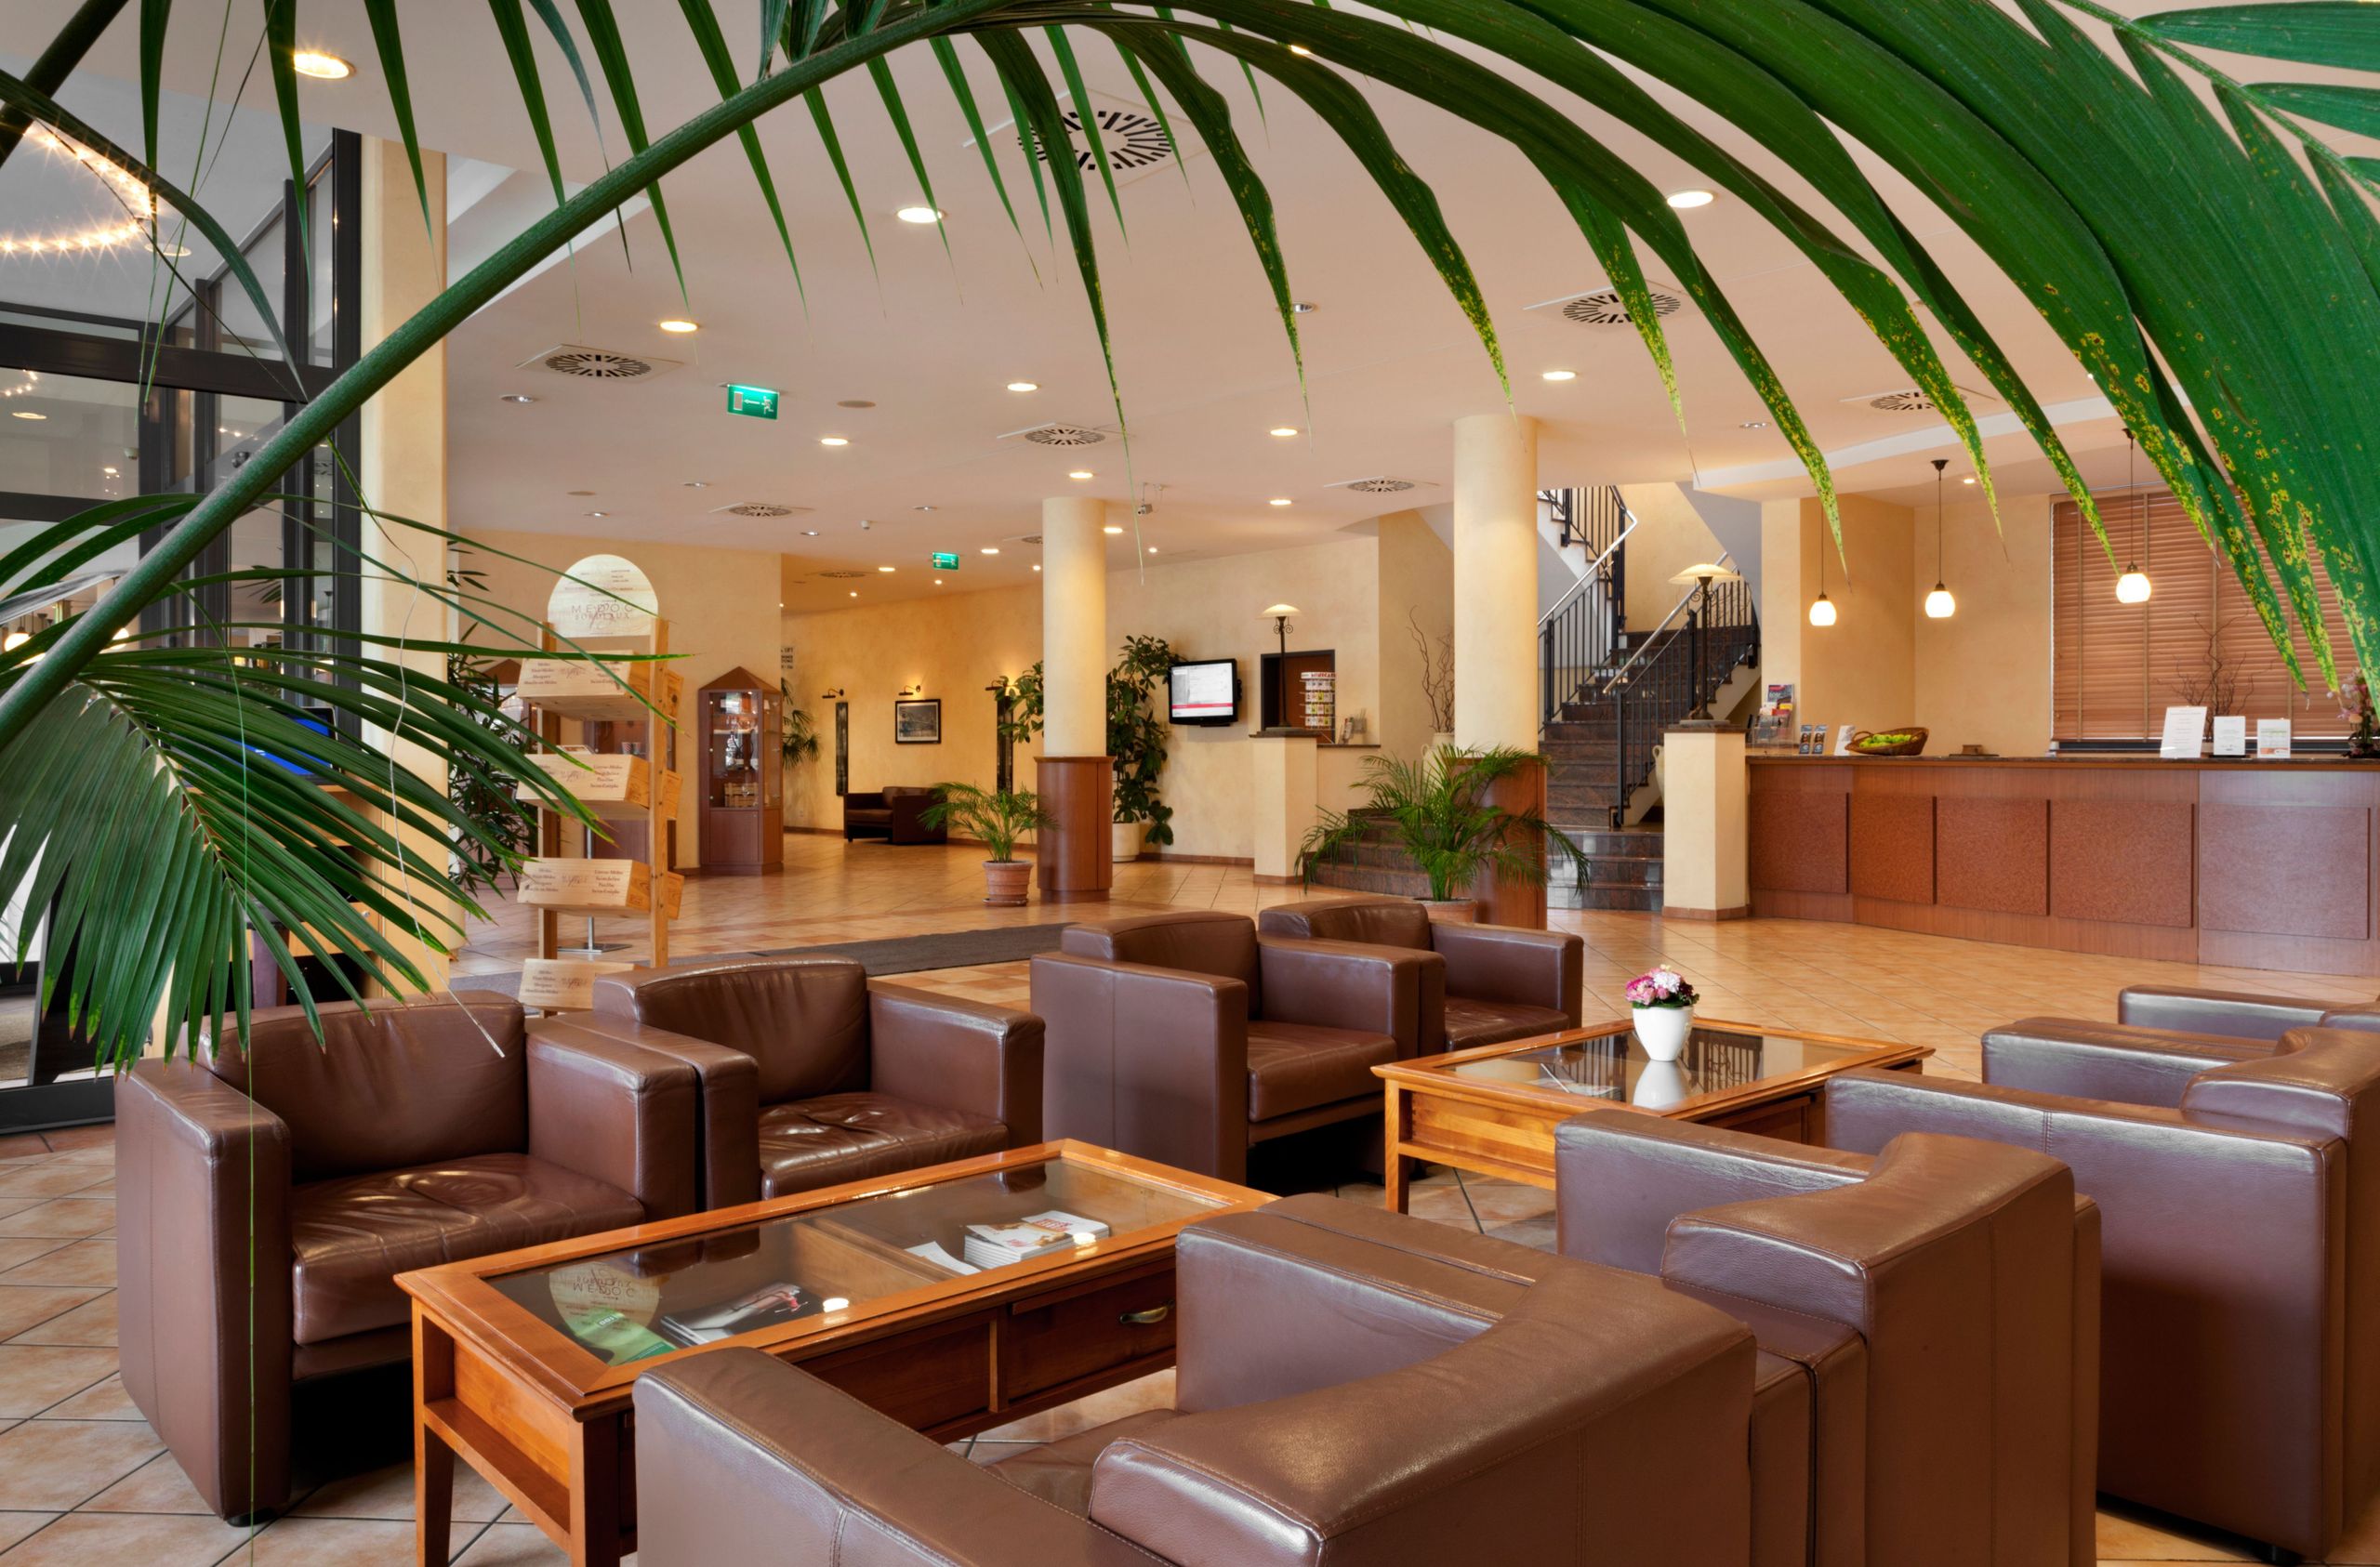 IntercityHotel Bremen - lobby - Rezeption - lounge
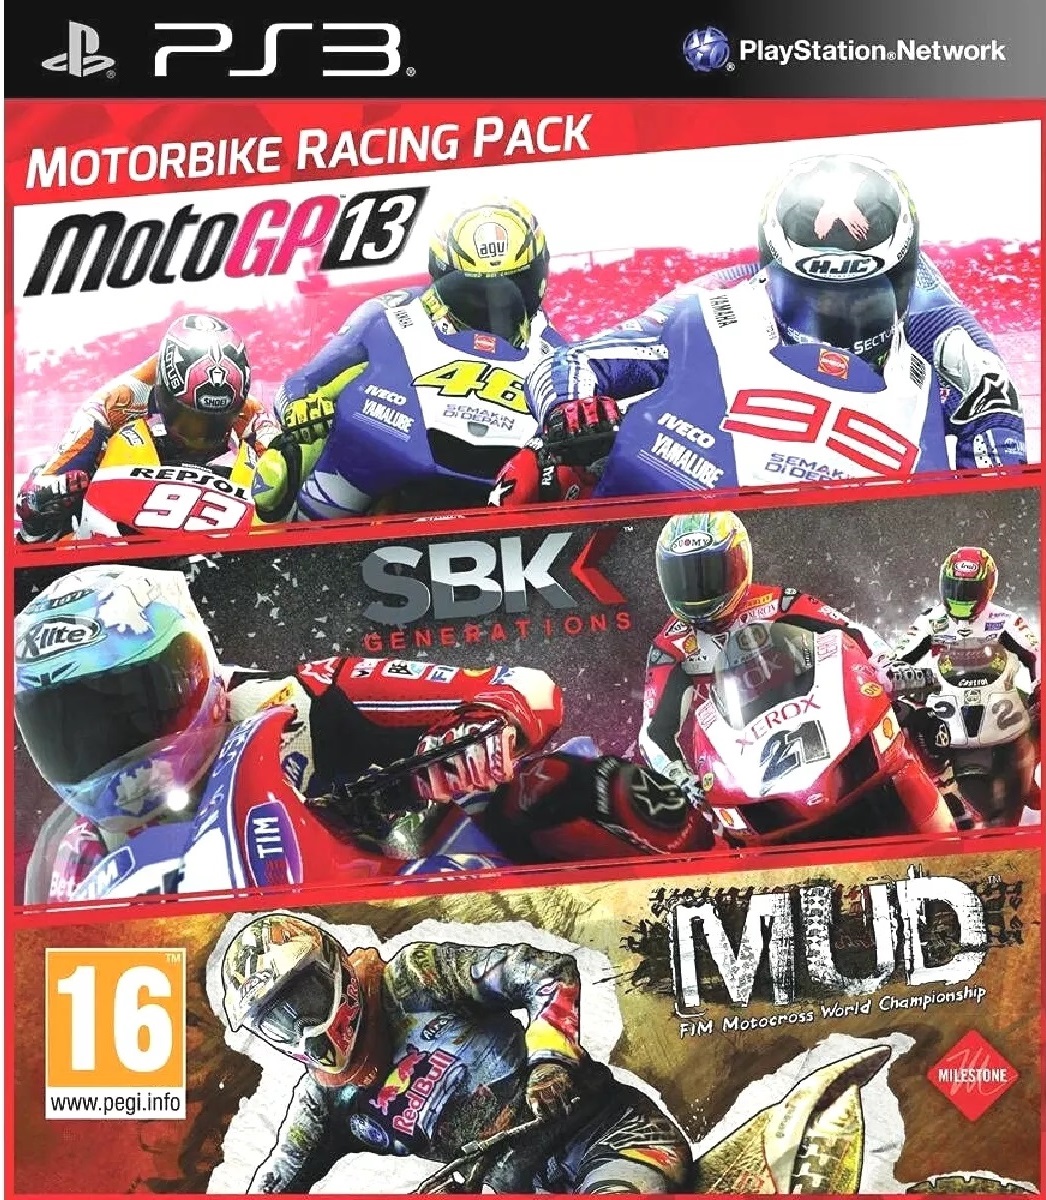 Joc PS3 Motorbike Racing Pack  ( Moto GP 13 + SBK generations + MUD ) - EAN: 8059617102685
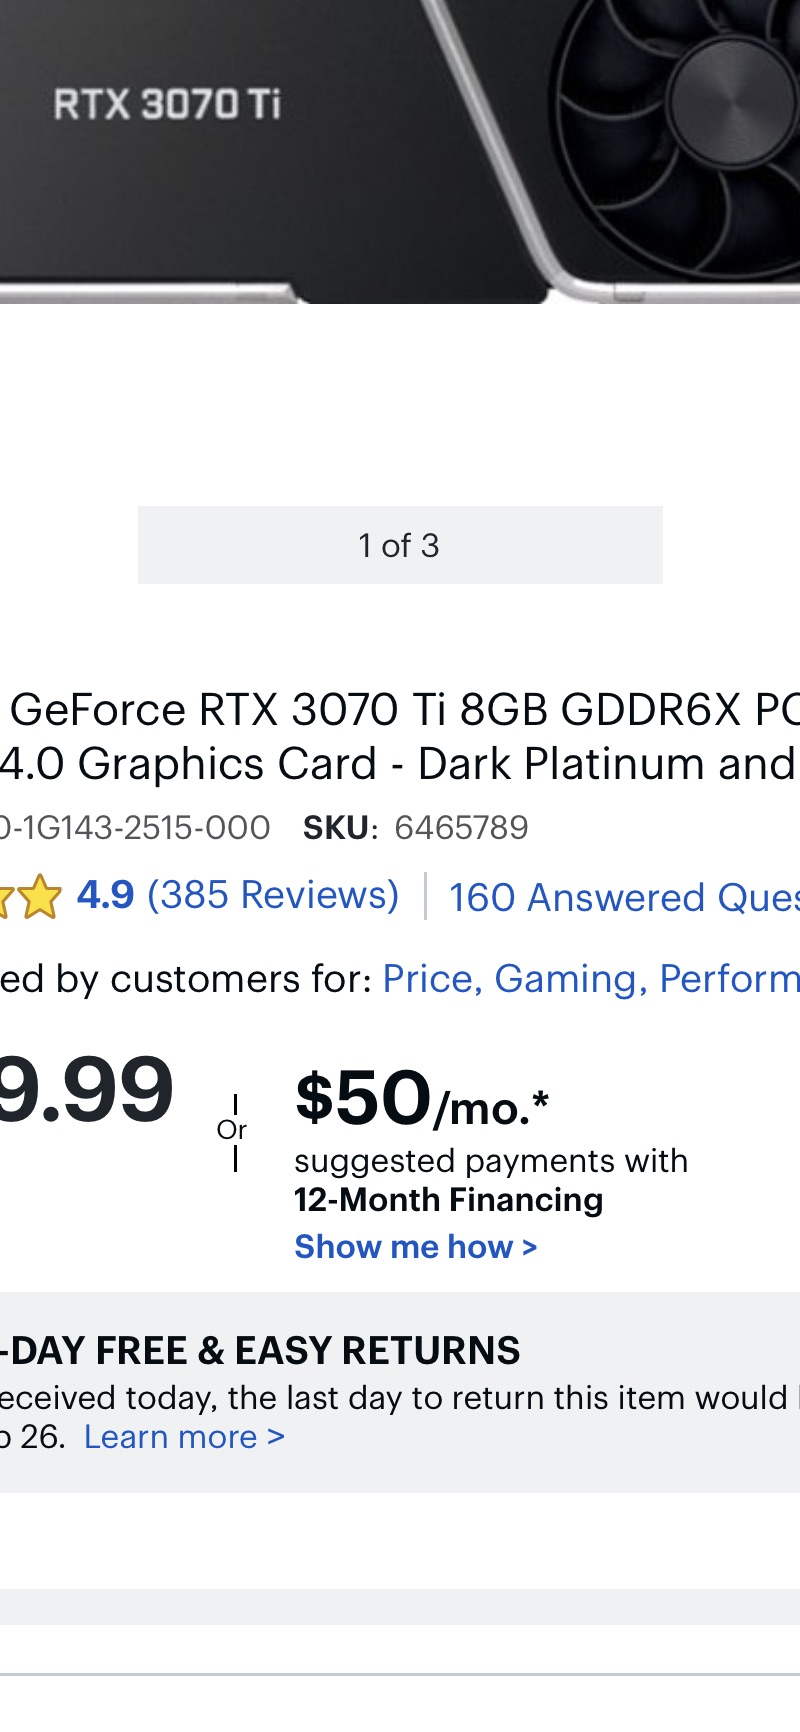 NVIDIA GeForce RTX 3070 Ti 8GB GDDR6X PCI Express 4.0 Graphics Card Dark Platinum and Black 900-1G143-2515-000 - Best Buy现货
═══
_Problem to solve_
Write every line of the data out again exactly, leaving out all images.

_Written answer_
 IntercityHotel Bremen - lobby - Rezeption - lounge
 Joc PS3 Motorbike Racing Pack  ( Moto GP 13 + SBK generations + MUD ) - EAN: 8059617102685
 NVIDIA GeForce RTX 3070 Ti 8GB GDDR6X PCI Express 4.0 Graphics Card Dark Platinum and Black 900-1G143-2515-000 - Best Buy现货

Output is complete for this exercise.